Курсив мой Берберовой как не только уродливой, но и скучной женщины, или описание «роковой» Аполлинарии Сусловой как заурядной «крестьянской» девушки в Дневнике и записках Е. Штакеншнейдер или в переписке семьи Герцена и т. п.).
Соответственно и на уровне женского языка психоанализ также фиксирует парадоксы женской истерической субъективации: во-первых, нарциссизм, т. е. сосредоточенность на внутреннем мире своих переживаний и абсолютное безразличие к окружающим; во-вторых, существование в истерическом бинарном психическом режиме или/или, исключающем другие, «конвенциональные» формы субъективной репрезентации.
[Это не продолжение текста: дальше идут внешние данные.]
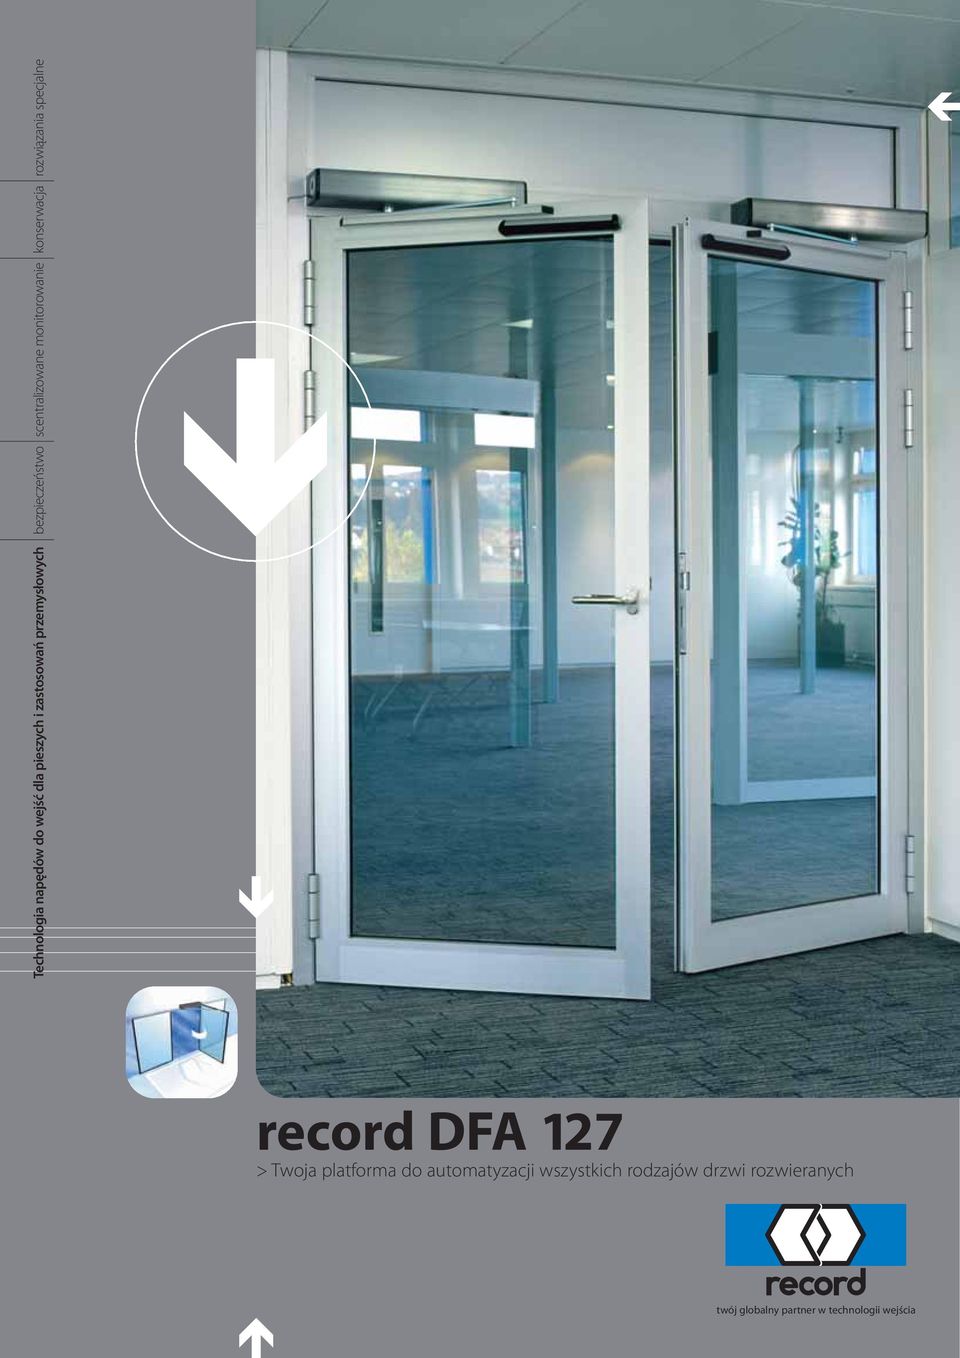 specjalne record DFA 127 > Twoja platforma do automatyzacji

Вынужденная быть для Другого фаллическим объектом желания истерическая женщина оказывается фигурой уязвимости, которая обречена совершать мучительный истерический «маскарад» – постоянно носить маску, необходимую, чтобы поддерживать интригу, стимулирующую желание мужского субъекта. Никакой другой функции, кроме документации уникальной женской индивидуальности, женские «дневники» и «воспоминания» в дискурсе модернизма выполнять не могут.
Именно поэтому Дневники Сусловой или Башкирцевой, или Воспоминания Нины Петровской или Любови Дмитриевны Блок не стали «фактом литературы».
Таким образом, основной парадокс феномена истерической женщины, выраженный в Дневниках Сусловой и Башкирцевой, является действительно трагическим: с одной стороны, истерическая женщина представлена в культуре модернизма в качестве фигуры исключительной степени сложности и выразительности, переживающей необыкновенные чувства и совершающей непредсказуемые, не прочитываемые в терминах причинно-следственного детерминизма поступки.
С другой стороны, можно вслед за Славоем Жижеком констатировать, что анализ механизма женской истерии обнаруживает, что никакой «настоящей роковой женщины» не существует,[78] и что внутри интригующего, опасного и непредсказуемого аффекта женской истерической субъективности обнаруживается не искомое модернистами сакральное содержание, но пустота, то есть отсутствие индивидуальности и рабская зависимость от большого Другого.
«Люби свой симптом»?… («Уступок делать я не могу»: судьба Аполлинарии-3)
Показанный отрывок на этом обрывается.